I have json file which contains 585 nested arrays. Each of the 585 arrays has the following structure:
[["12345678", [["12345678912345678", "dummy tweet #hashtag", "2015-05-20 15:33:11", "en"], ["12345678123456781", "dummy tweet again", "2015-05-18 22:08:30", "en"]]]
each array has a user id, and a corresponding array of arrays of that has user's tweets, in which each array has, tweet id, tweet, date and language.
I tried to stream the file with jsonlite stream in function as followstest_json = stream_in(file("test.json"))
but i get the following error:
Error in (function (..., row.names = NULL, check.rows = FALSE, check.names = TRUE, :
arguments imply differing number of rows: 3189, 607, 219, 3120, 3091
closing file input connection.
I then read 10 lines test10_json =readLines("test.json", n =10)
which worked for me.
Now I wanted to read this json and tried fromJSON(test10_json)
but I get this error:
Error: parse error: trailing garbage
015-05-06 19:18:35", "en"]]] ["123456789", [["5101600420255
(right here) ------^
which means that when it tries to read the next array/record (the second row of the file, 2nd user's record) it gives an error.

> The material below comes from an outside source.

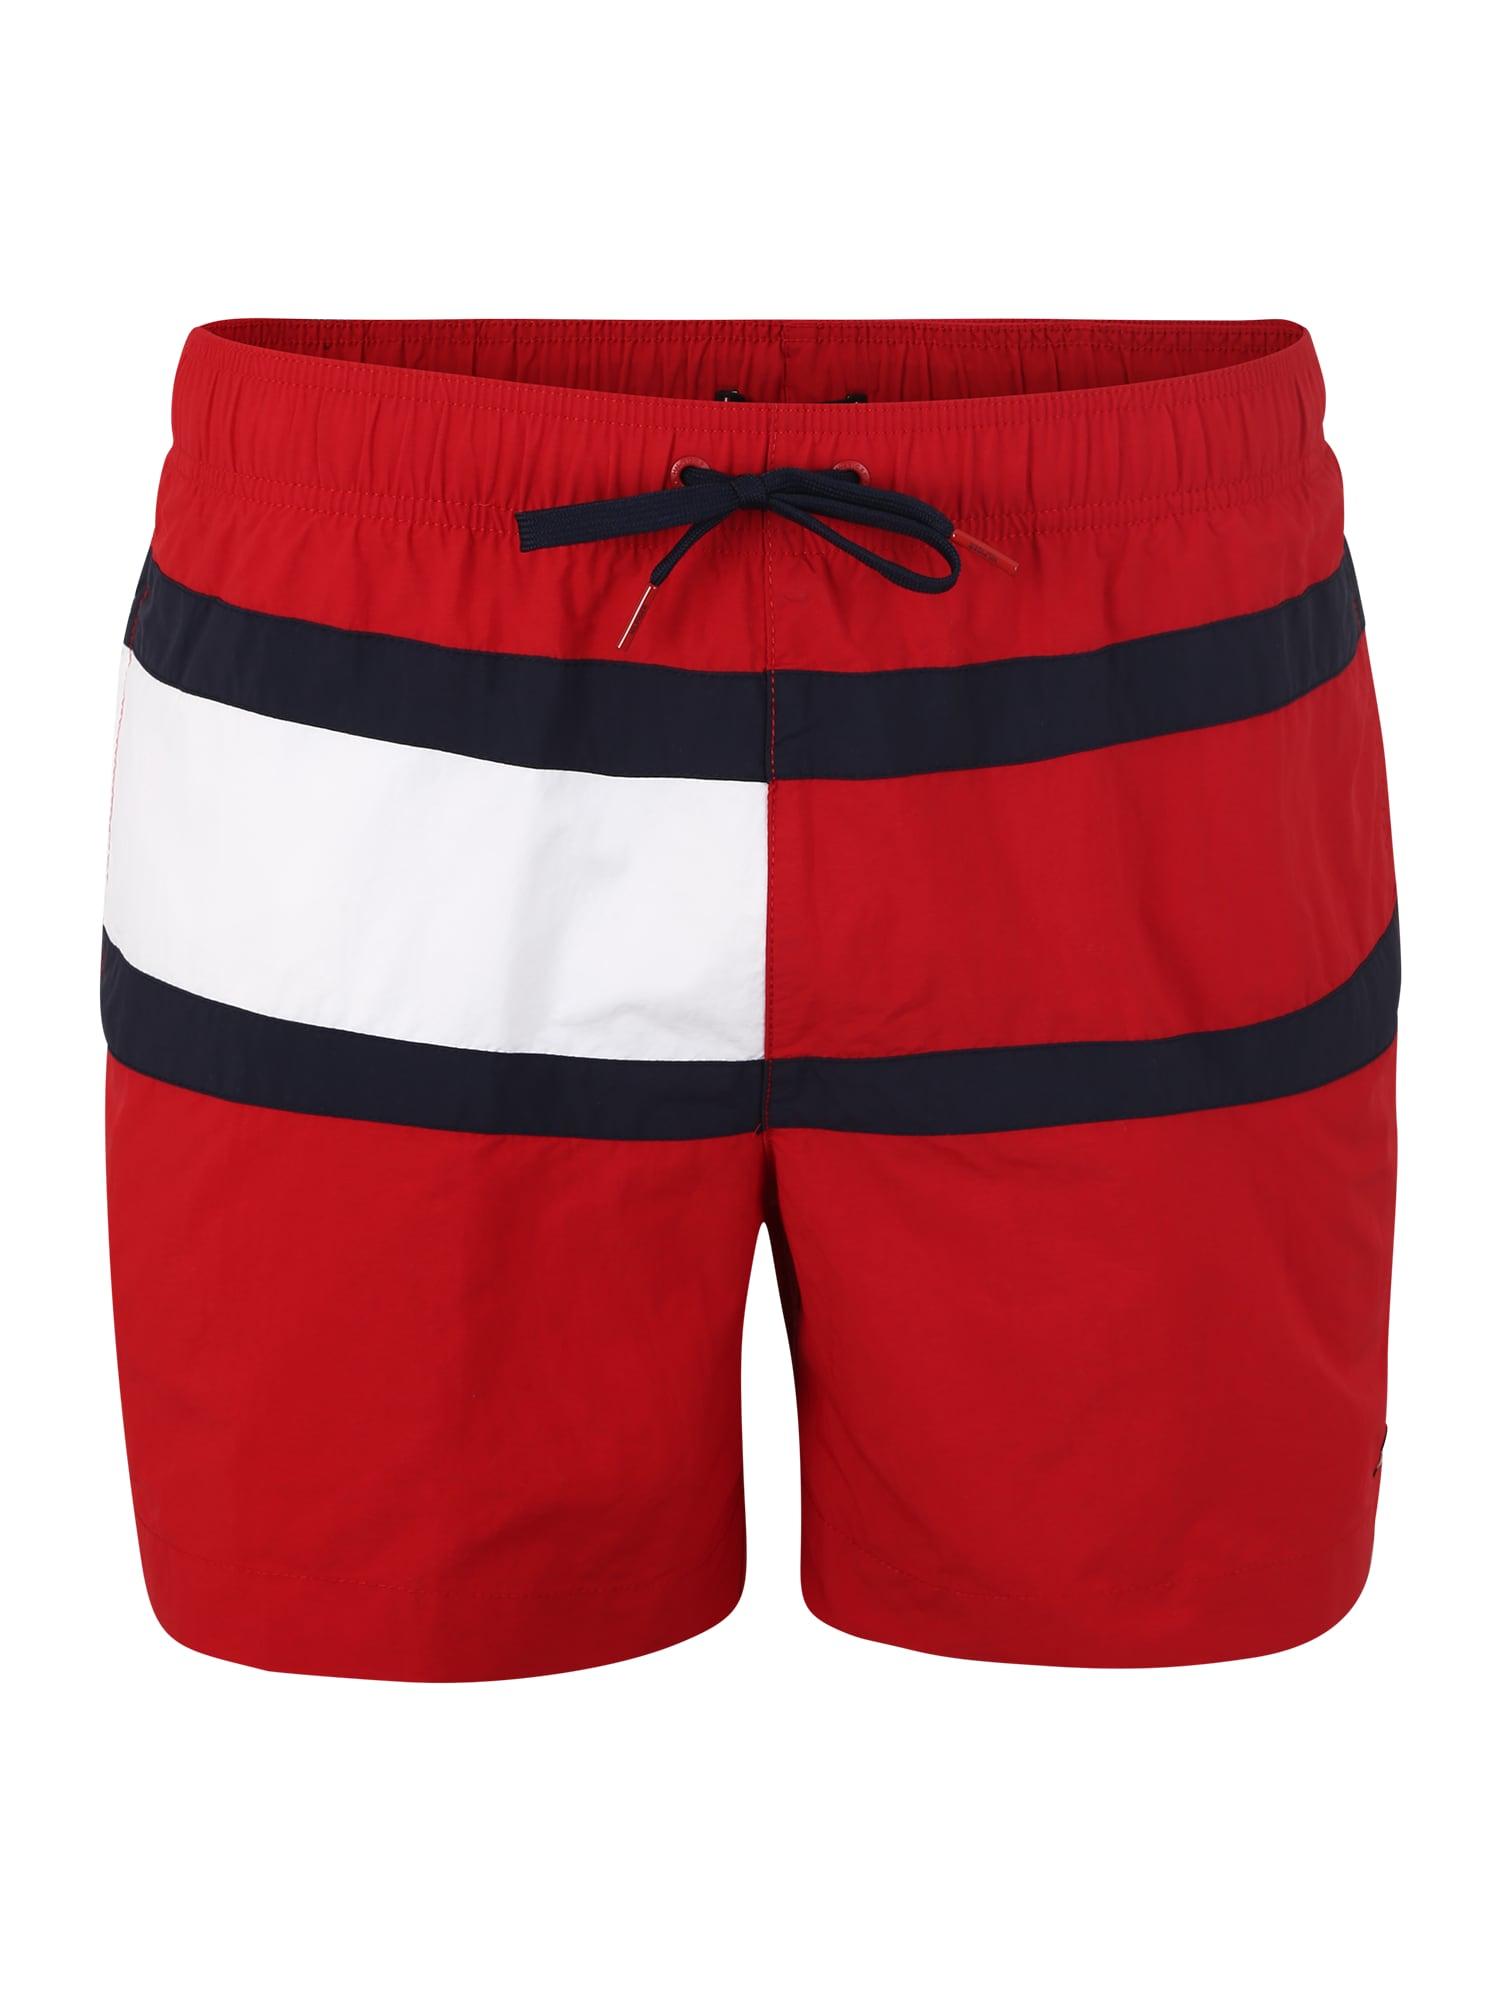 Plavecké šortky MEDIUM DRAWSTRING červená Tommy Hilfiger Underwear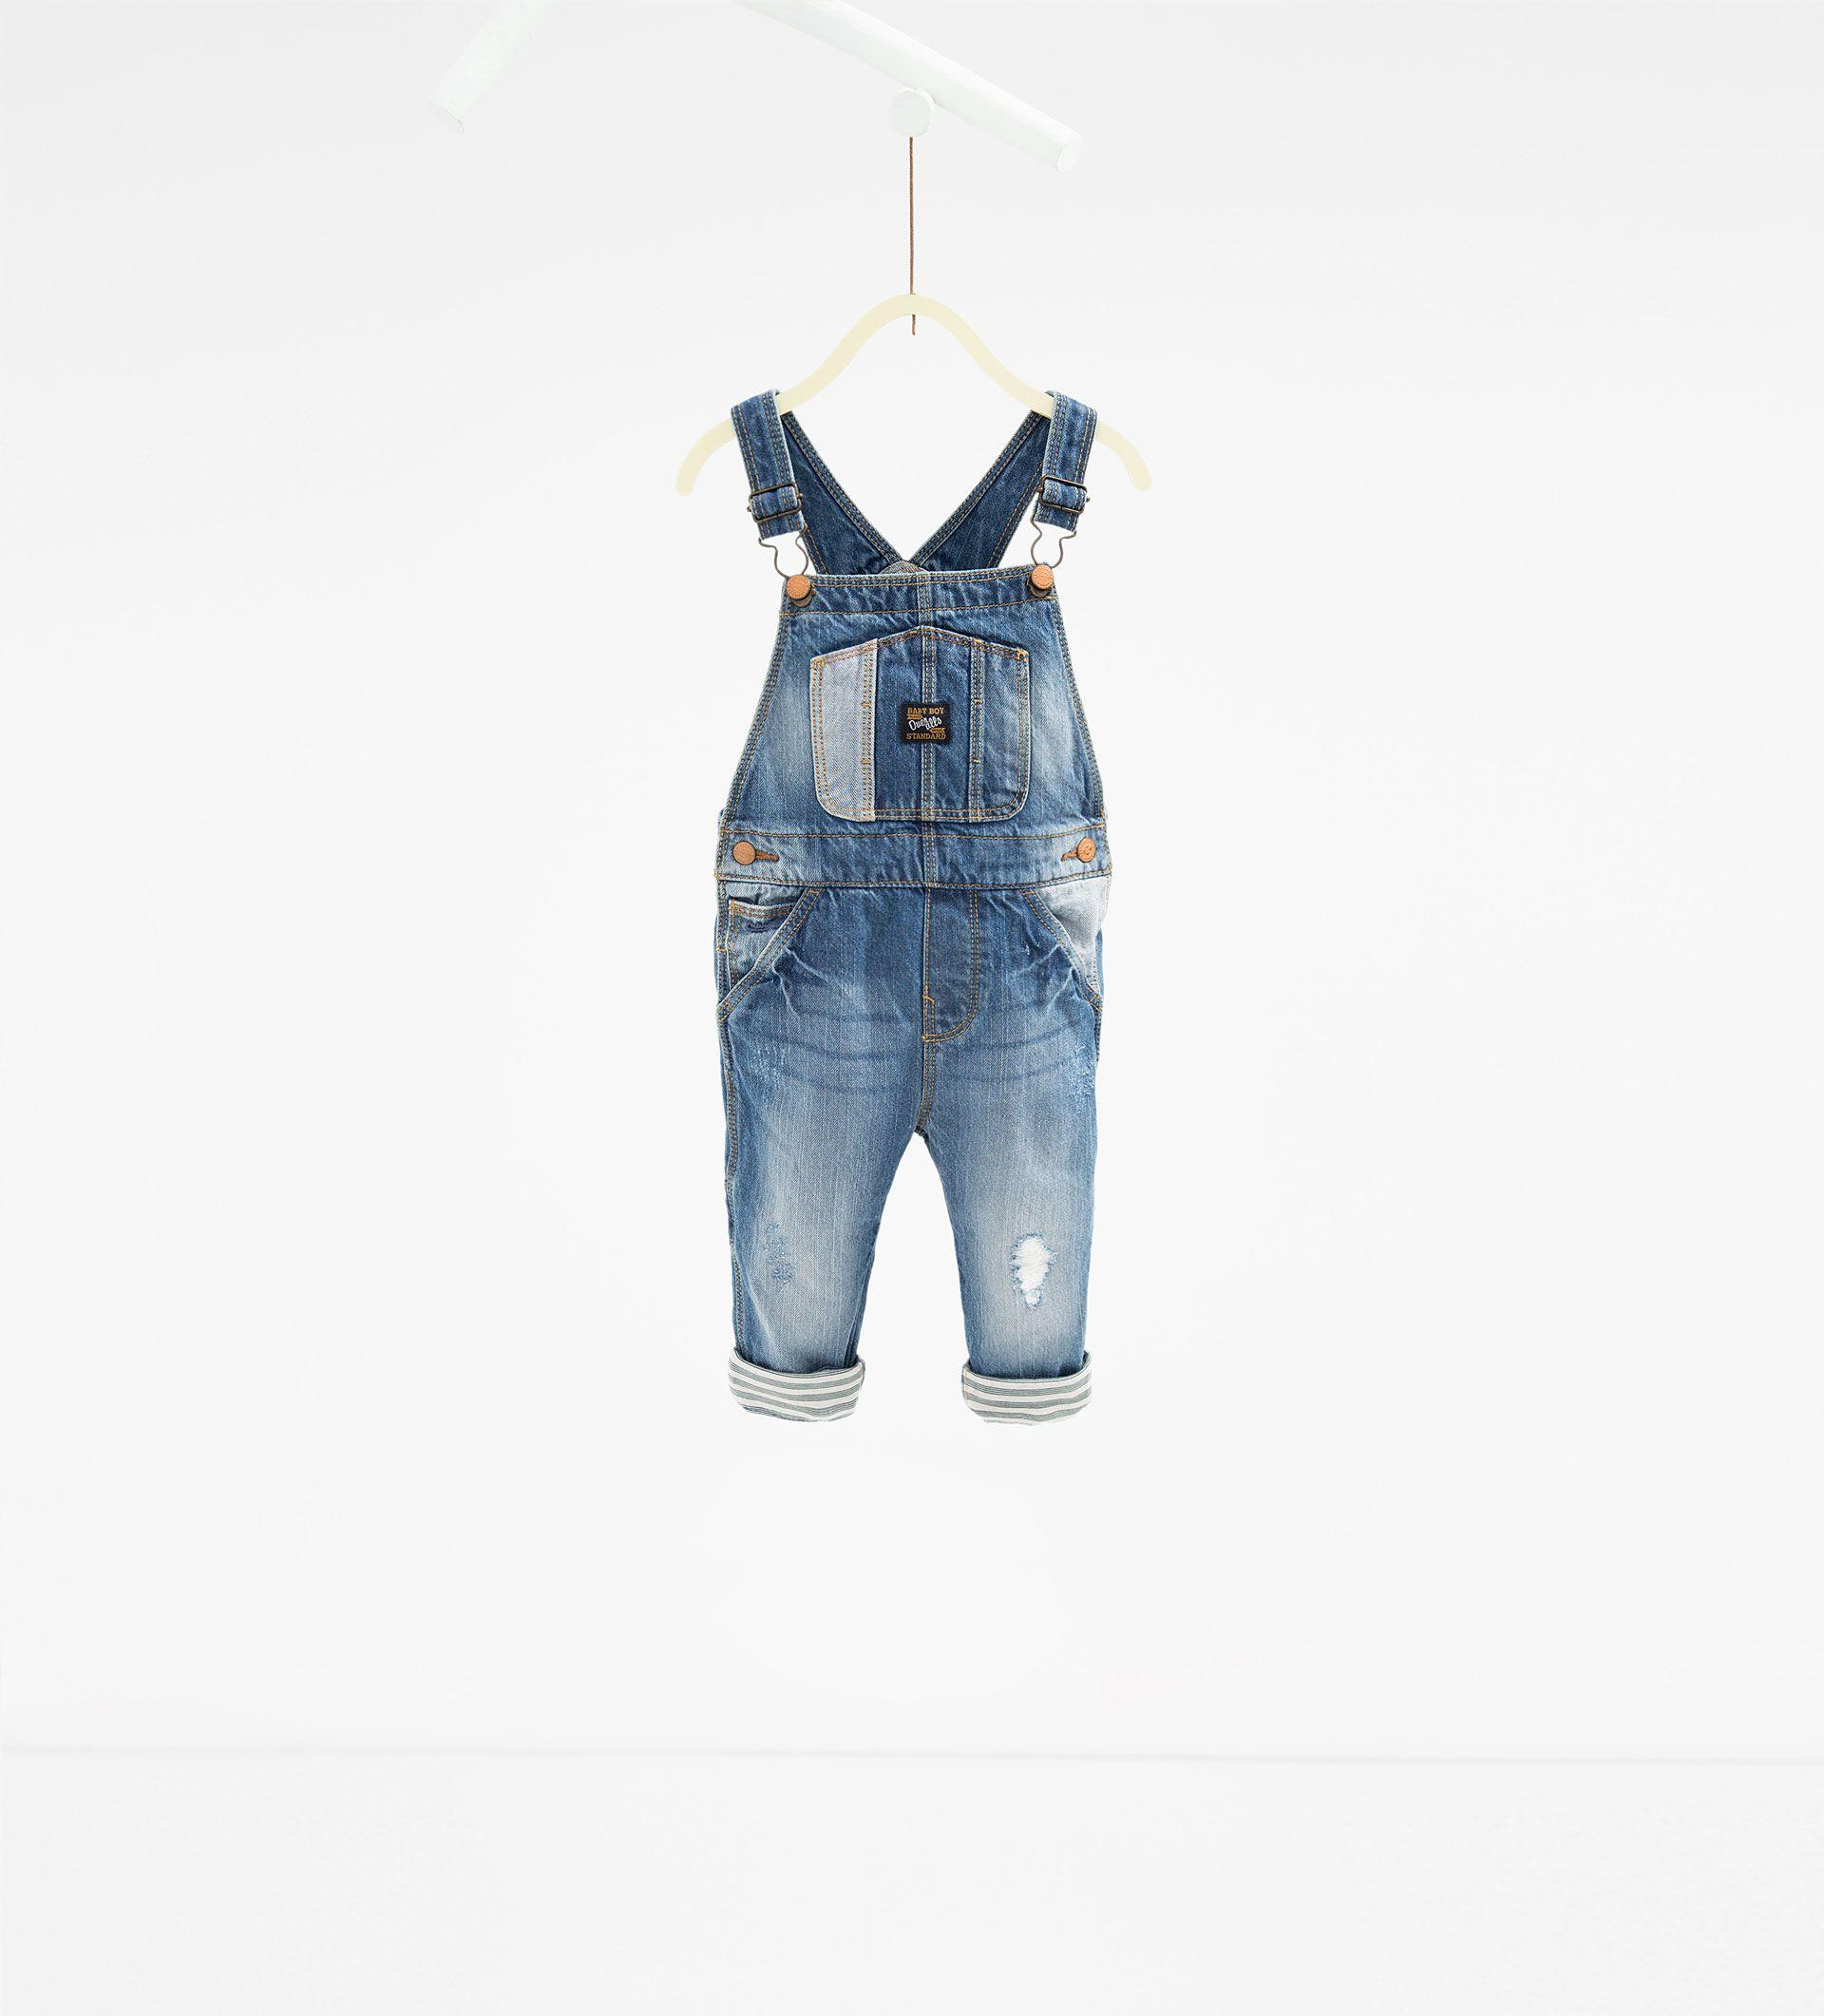 Jardineiras de ganga | Kids fashion | Pinterest | Ropa para niñas ...

However when I read each user record separately as follows test10_row1 = fromJSON(test10_json[1])
it reads them individually. and creates a list of List of 2
$ : chr "19211550"
$ : chr [1:3189, 1:4]
where each of 1:3189 contains a list with tweet id, tweet, date and language.
First of all I would like to know how to read the file test.json altogether without having to read lines, if that is possible.
Secondly, I would like to after completing step 1, how to parse all arrays together to R, rather than parsing them individually.
Third, instead of getting a list of lists (for 585 records: 585 lists of 2 lists each with each list having as many lists as the number of tweets) I would like to get a dataframe which I could flatten.